How to use the calculator
Set the mass m, the spring constant k and the starting amplitude. The tool reports ω, T and f, and lets you invert the relationship — for example, the stiffness needed for a target period.
Note: the ideal model assumes a massless, linear (Hookean) spring and no friction. Real springs have mass, go non-linear at large stretch, and lose energy to damping, all of which the simple formula ignores.
Frequently asked questions
What is the period of a spring-mass system?

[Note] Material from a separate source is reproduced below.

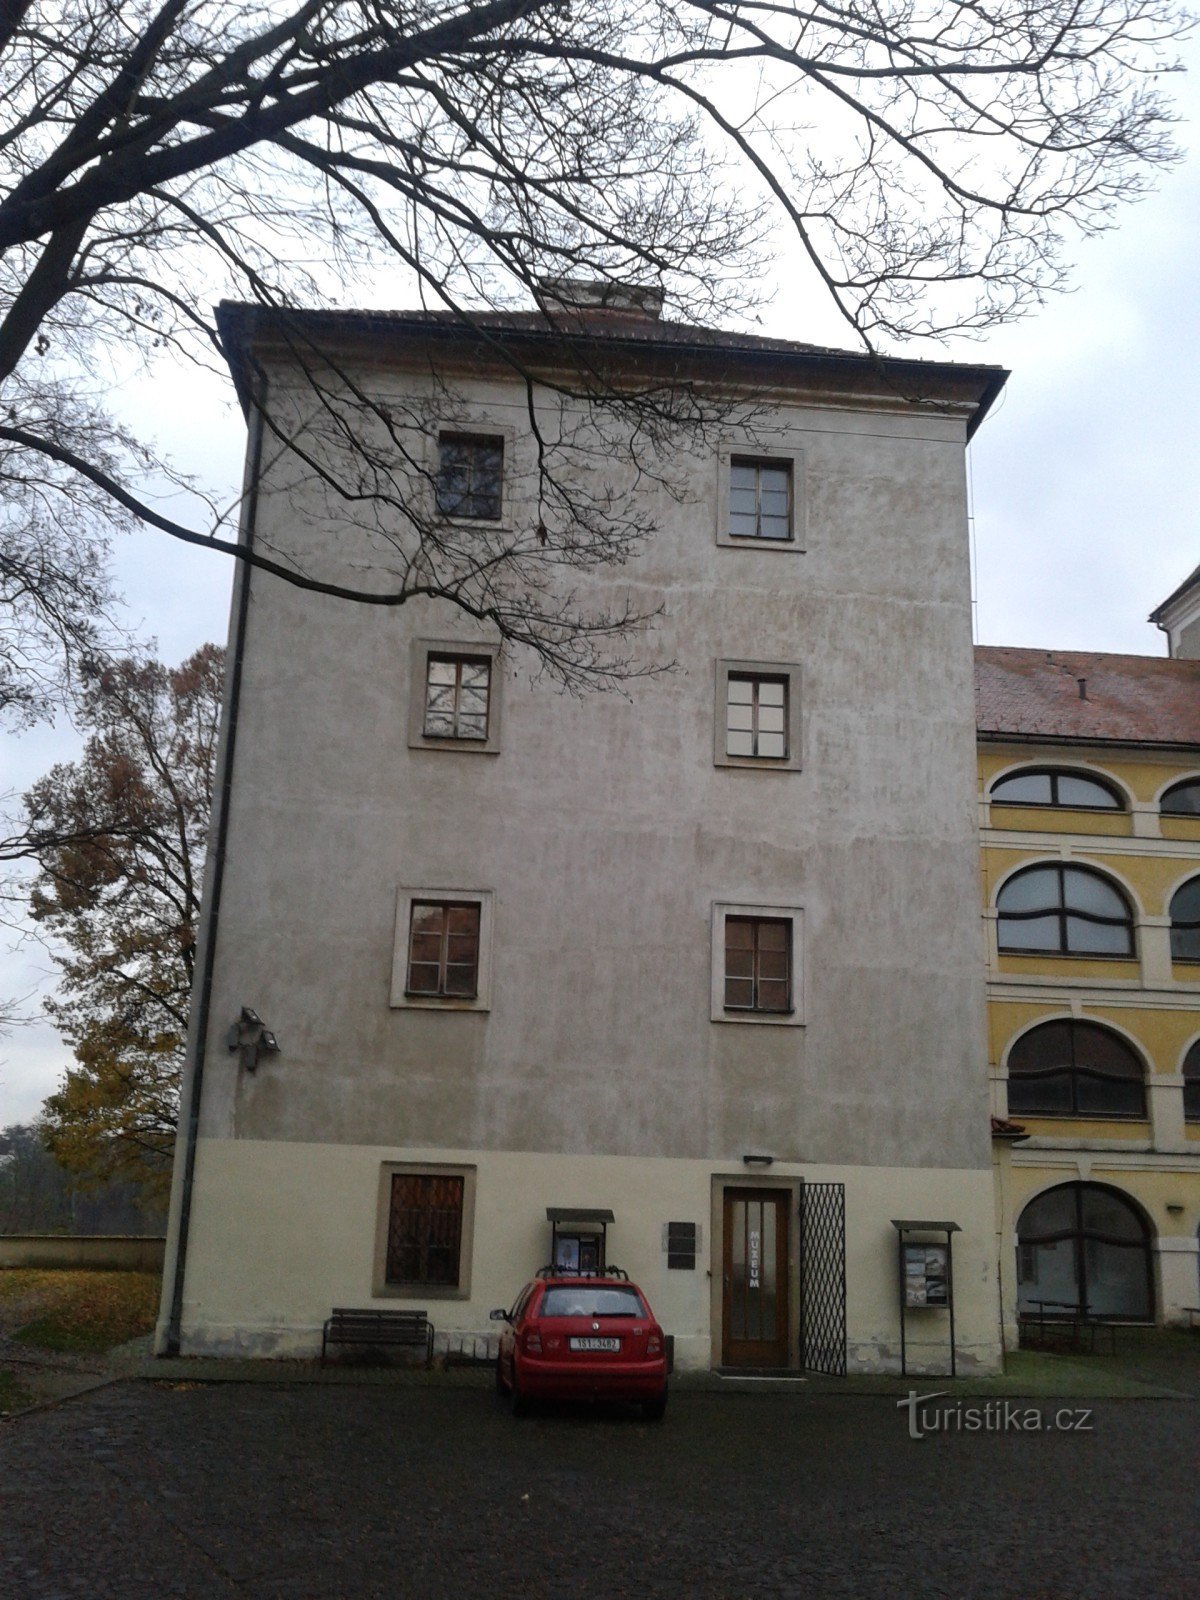 Mladá Boleslavs slott

The period is T = 2*pi*sqrt(m/k), where m is the mass and k is the spring constant. A heavier mass or a softer spring gives a longer period.
What is Hooke's law?
Hooke's law says the restoring force of a spring is proportional to its displacement: F = -k*x, where k is the spring constant and x is the stretch or compression. The minus sign shows the force opposes the displacement.
Does amplitude affect the period of a spring-mass system?
No, for an ideal Hookean spring the period depends only on the mass and the spring constant, not on the amplitude. This is a defining feature of simple harmonic motion.
What is the angular frequency of a spring-mass system?
The angular frequency is omega = sqrt(k/m), in radians per second. It relates to the period by omega = 2*pi/T and to the ordinary frequency by omega = 2*pi*f.
References
- Hooke's law: R. Hooke (1678), Lectures de Potentia Restitutiva ("Of Spring"), F = -k x.
- D. Halliday, R. Resnick & J. Walker, Fundamentals of Physics (Wiley) — simple harmonic motion.
- J. B. Marion & S. T. Thornton, Classical Dynamics of Particles and Systems (Cengage).